The goal of the proposed work is to test the hypothesis that the plasma membrane and intracellular organelle membranes possess a multicomponent membrane skeleton that is crucial to production and maintenance of normal bone tissue.
The first aim i s to establish the role that spectrin and ankyrin play in the attachment/adhesion mechanism of osteoclasts during resorptive and non-resorptive periods. This objective is based on the immunolocalization of ankyrin to the clear zone of osteoclasts in situ and to a structure associated with the cell-substrate interface in osteoclasts in culture.
The second aim, to establish the distribution and interaction of ankyrin in osteoclast organelles and vesicles, is based on the finding of multiple ankyrin isoforms in osteoclast lysates and immunocytochemical localization to organelle and vesicle membranes. Osteoclasts will be isolated from 20-day chick embryos and developed from a murine marrow culture system. The cells will be treated with agents known to alter resorptive behavior or interfere with cadherin function prior to immunolocalization and immunoprecipitation studies.

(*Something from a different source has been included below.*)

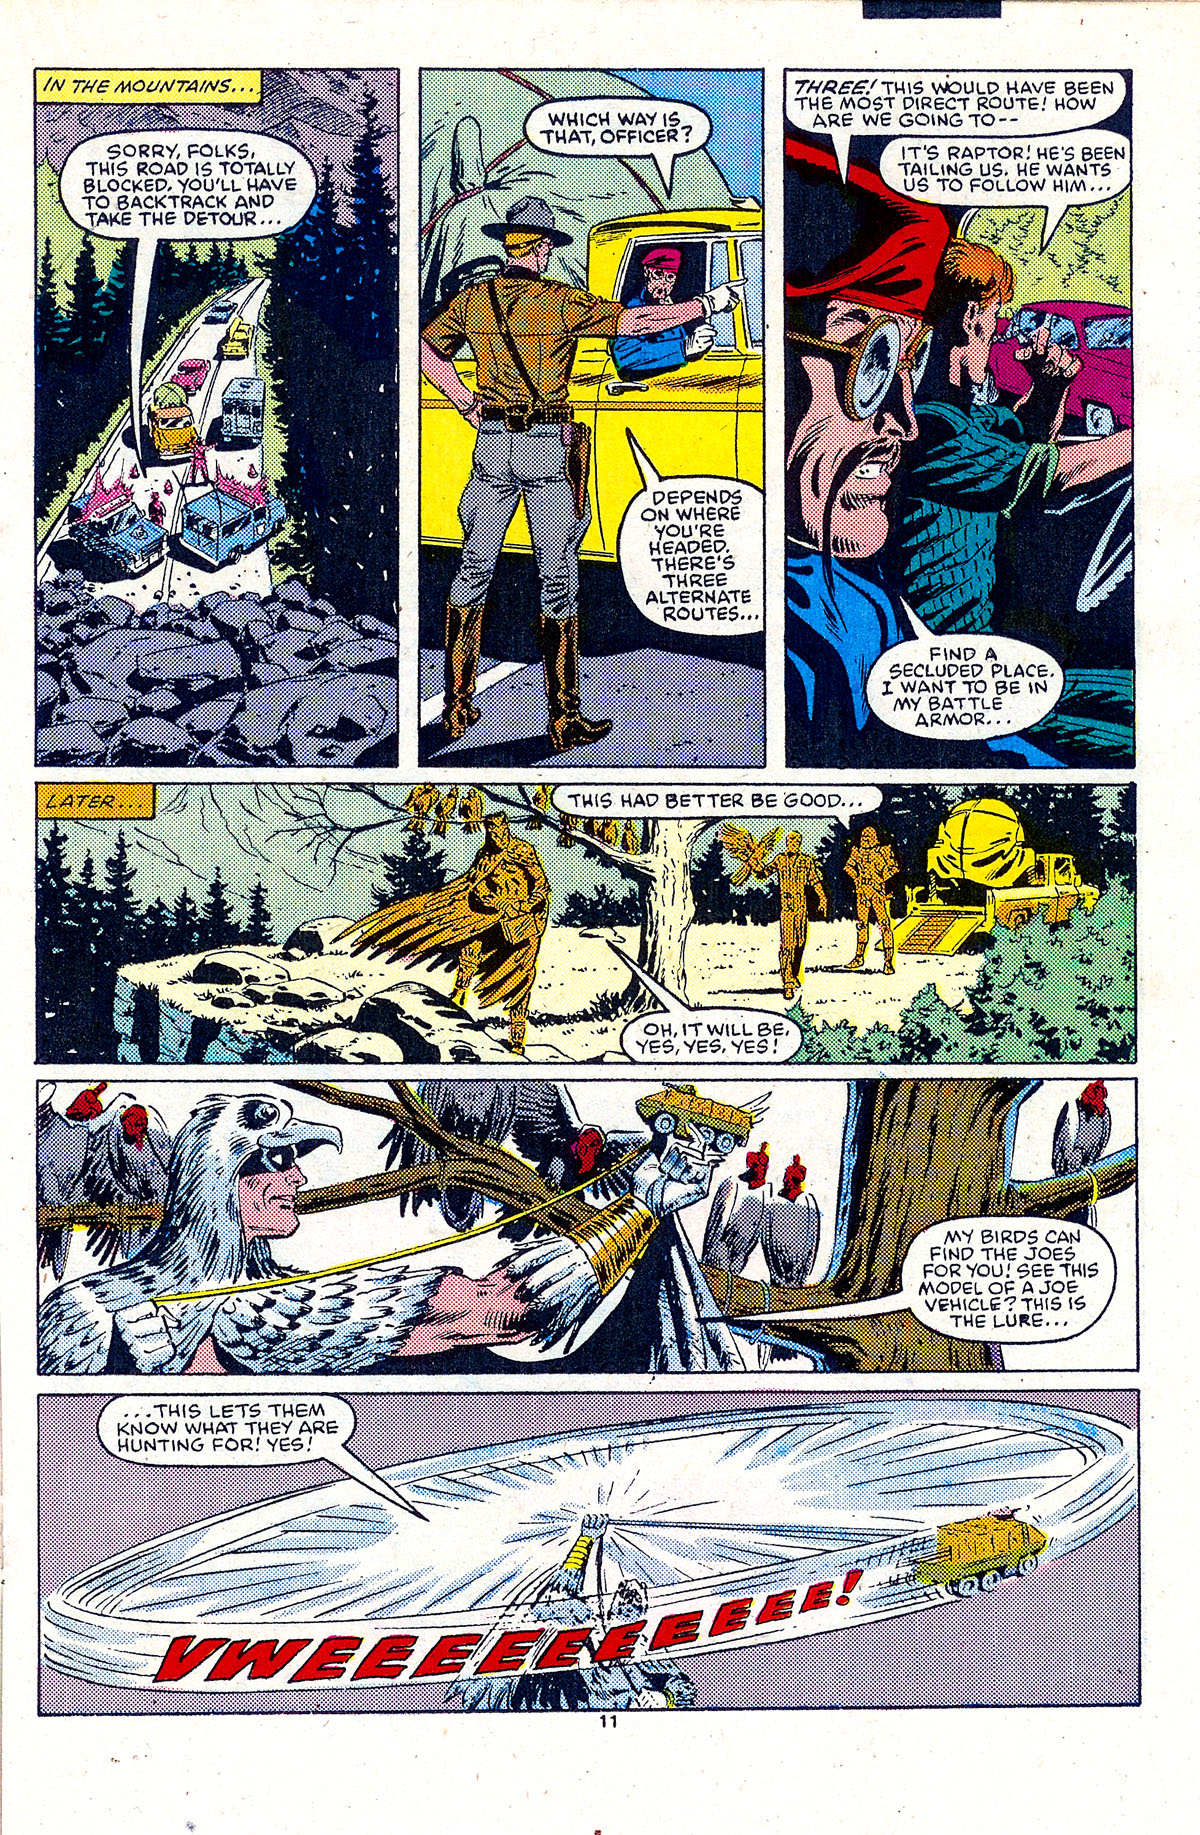 G.I. Joe: A Real American Hero 59 Page 11

The third aim i s to establish the role of ankyrin in bone cells using the murine ankyrin-1 deficient mutant, nb/nb, which has significant low bone density when compared to heterozygous littermate controls. Osteoclast and osteblast cultures will be established using the mutant mice and the normal littermate control animals. Initial studies of bone cell activity parameters include tartrate-resistant acid phosphatase staining and quantitative assessment of resorption pit formation by osteoclasts and alkaline phosphatase staining and production of osteocalcin and type I collagen by osteoblasts. Aberrations in skeletal physiology are reflected in congenital defects apparent at birth and in later onset conditions such as osteoporosis. The proposed studies will generate basic information about osteoclast and osteoblast physiology that will have long-term value in the design of effective therapeutic strategies aimed at modulating bone cell activity.